(What to work on):
The reply must contain exactly the lines below from the one with "Leg Avenue Sheer" down to the one with "T-Shirt FILA REGULAR", both included, and nothing more; please omit the pictures.

(Provided data):
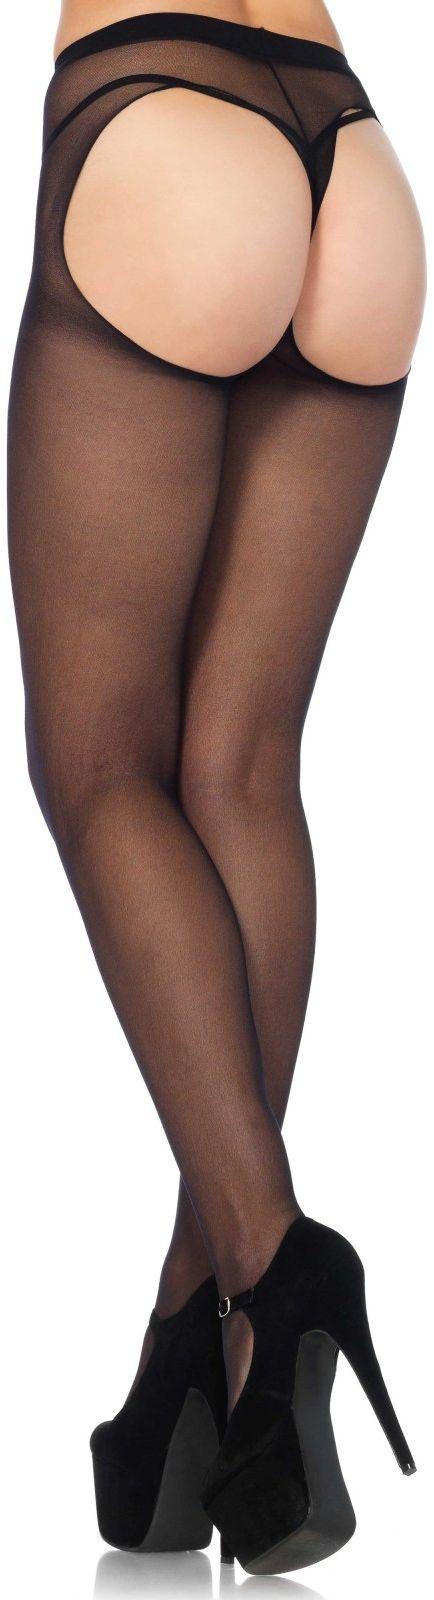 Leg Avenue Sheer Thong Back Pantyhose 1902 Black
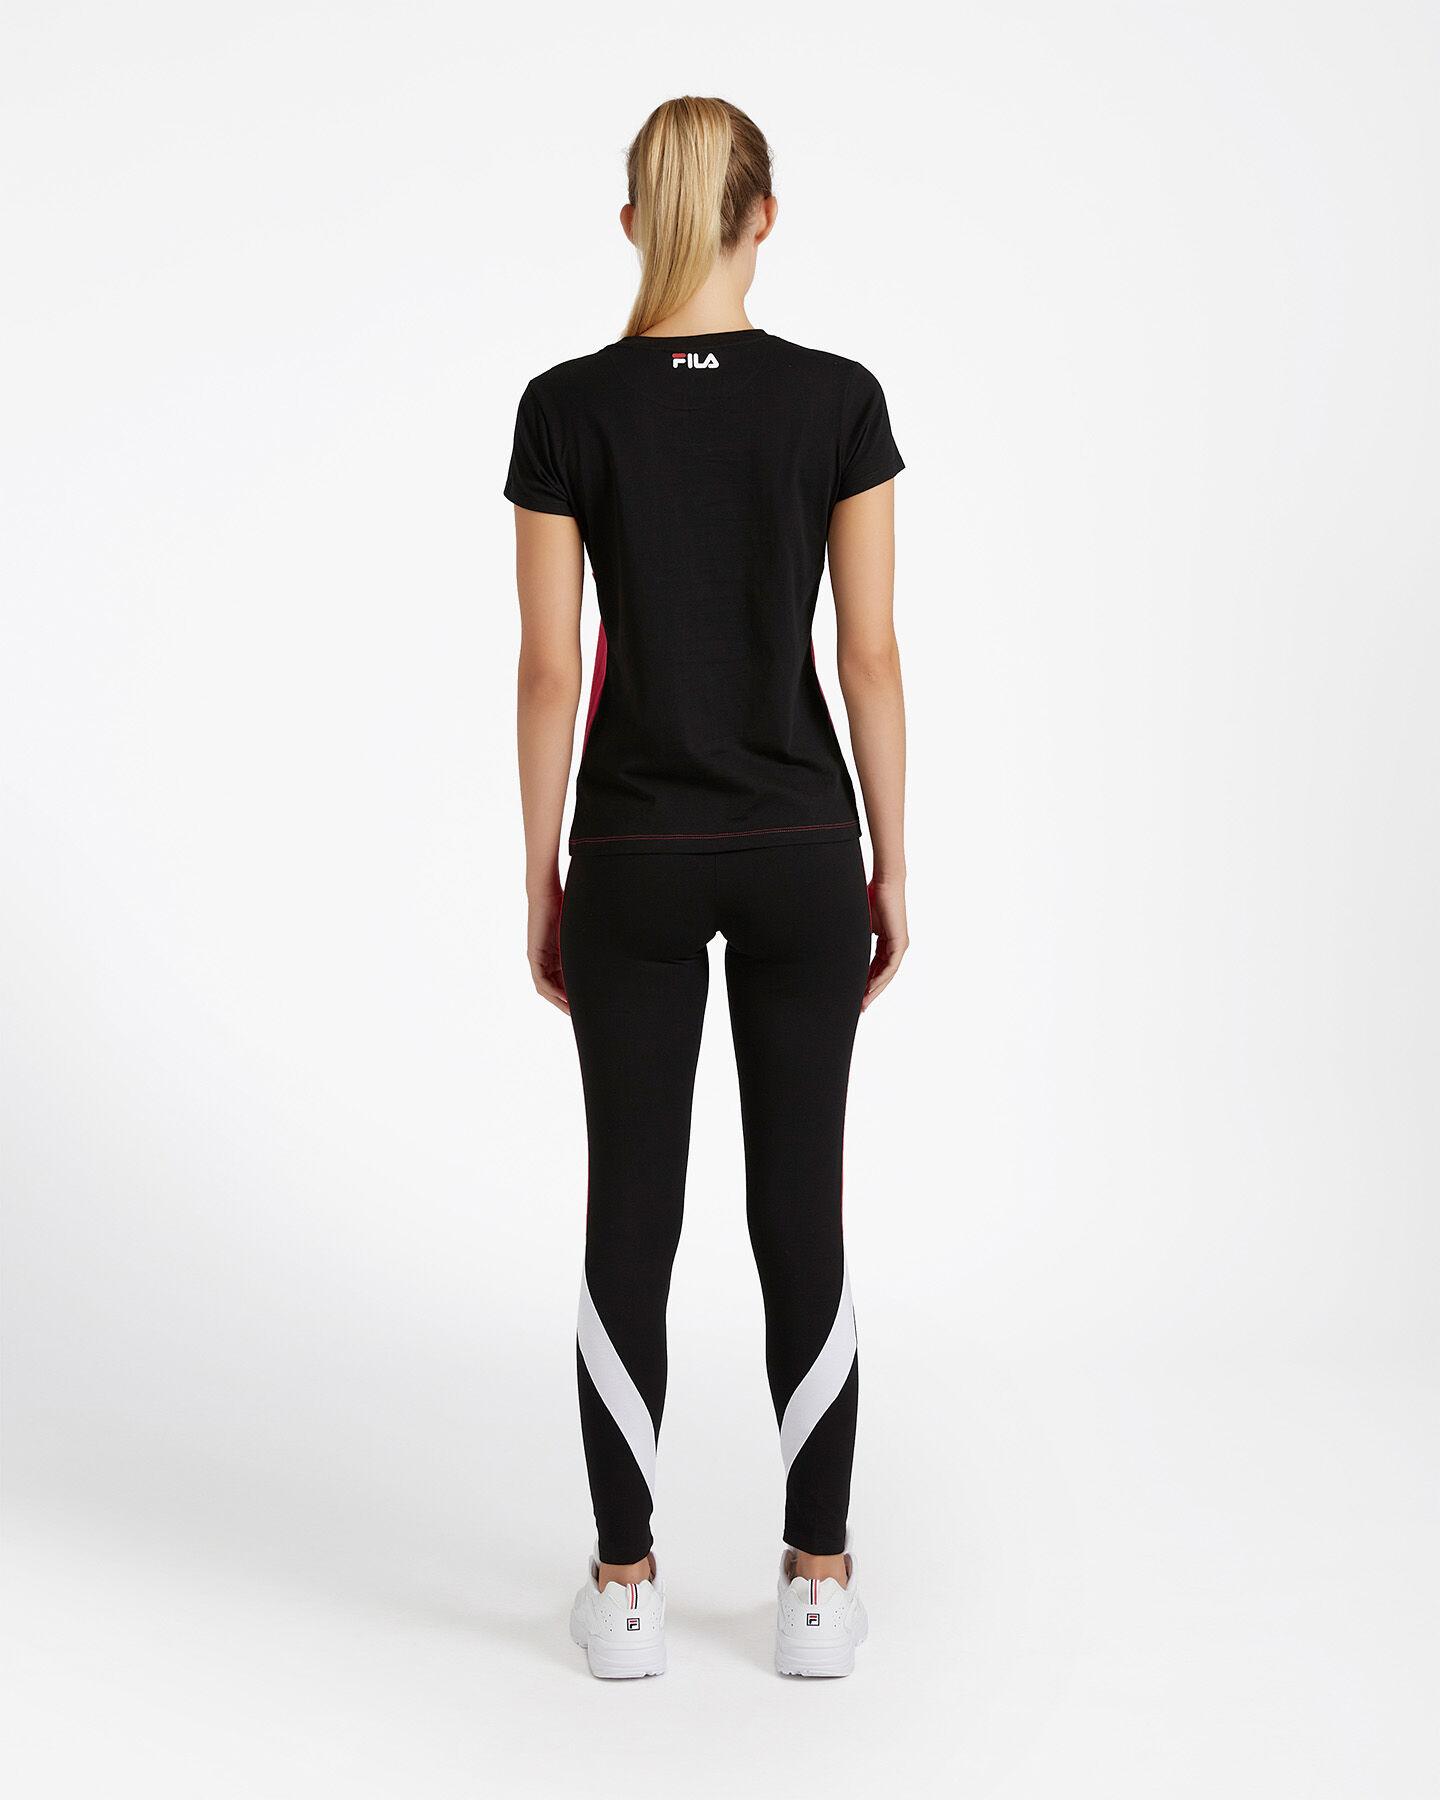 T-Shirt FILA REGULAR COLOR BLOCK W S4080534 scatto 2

==

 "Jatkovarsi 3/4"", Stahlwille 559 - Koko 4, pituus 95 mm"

(Output for this task):
 Leg Avenue Sheer Thong Back Pantyhose 1902 Black
 T-Shirt FILA REGULAR COLOR BLOCK W S4080534 scatto 2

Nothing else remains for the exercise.